1. ## Linear approximation

Last one, guys...

"Given the function f(x,y)=x^2cos(xy)-5xy, estimate the value of f(3,97,0.025)."

My work:

fx(x,y) = 2x(cos(xy))-y(x^2sin(xy)+5)
fy(x,y) = -x(x^2sin(xy)+5)

So, f(x,y) + fx(x,y)(x-a) + fy(x,y)(y-b)

f(3.97,.025) + fx(3.97,.025)(3.97-3.95) + fy(x,y)(.025-.020)

And, after plugging into this equation, my final answer was 15.32.

Did I mess up anywhere?
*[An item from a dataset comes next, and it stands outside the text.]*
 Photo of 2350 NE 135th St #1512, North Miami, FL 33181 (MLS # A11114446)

I'm pretty confident about the answer, since (3.97,.025) plugged into the original equation is 15.26, but I just want to make sure I'm not missing anything.
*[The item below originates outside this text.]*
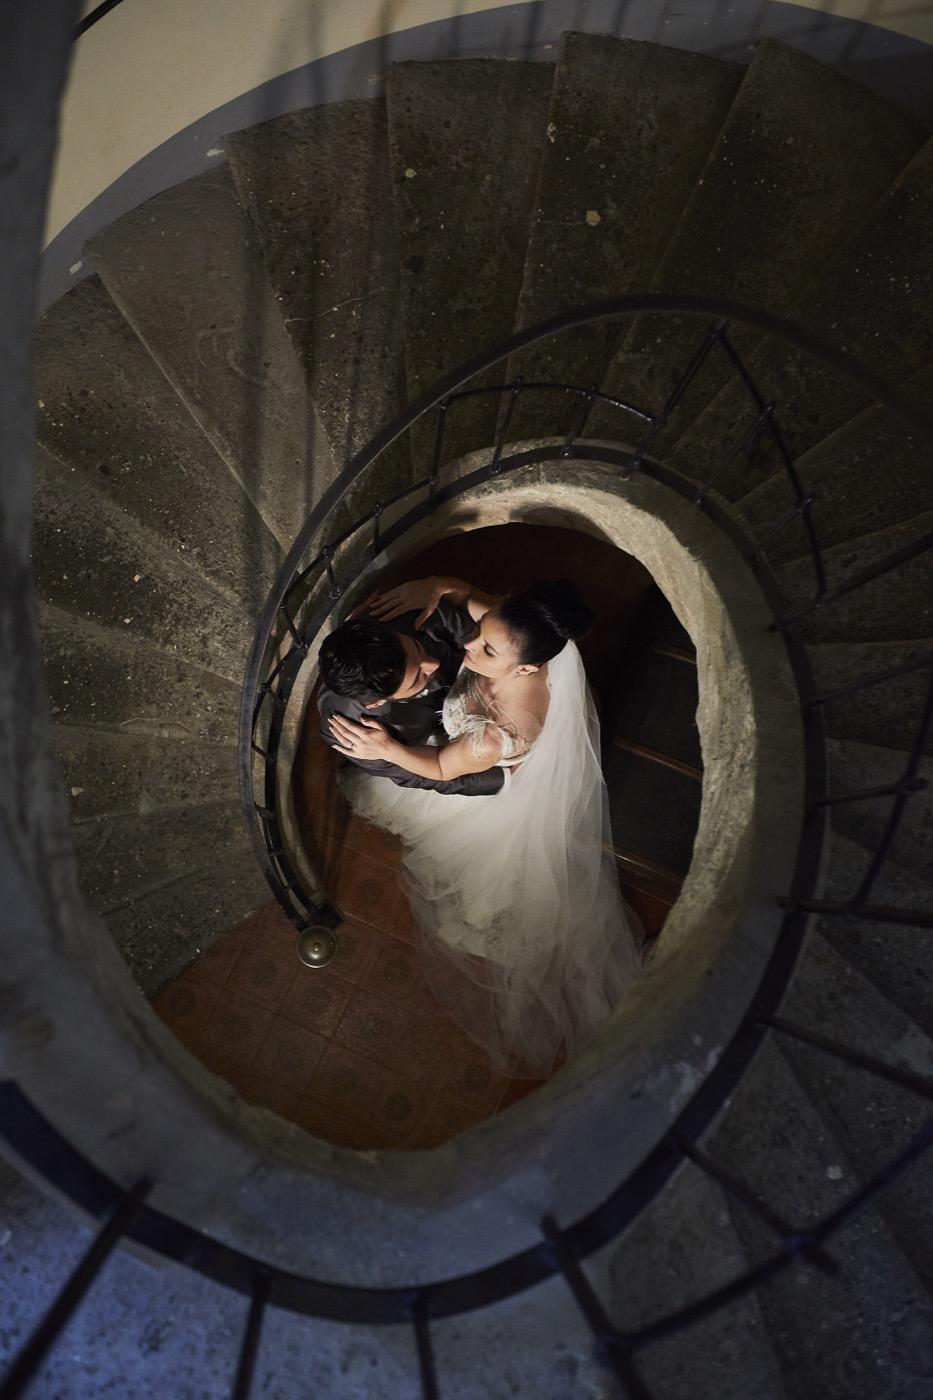 Claudio-Coppola-wedding-photographer-villa-del-cardinale-rocca-di-papa-castel-gandolfo-88

2. You confused me with having 3 coordinates in f(x,y).
I would use a=4 and b=0.

you want $\displaystyle f(x,y)\approx f(a,b) + f_x(a,b)(x-a) + f_y(a,b)(y-b)$

3. Originally Posted by matheagle
You confused me with having 3 coordinates in f(x,y).
I would use a=4 and b=0.

you want $\displaystyle f(x,y)\approx f(a,b) + f_x(x,y)(x-a) + f_y(x,y)(y-b)$
Or may be:

$\displaystyle f(x,y)\approx f(a,b) + f_x(a,b)(x-a) + f_y(a,b)(y-b)$

(the whole point is to evaluate the function and its partials at easy values)

CB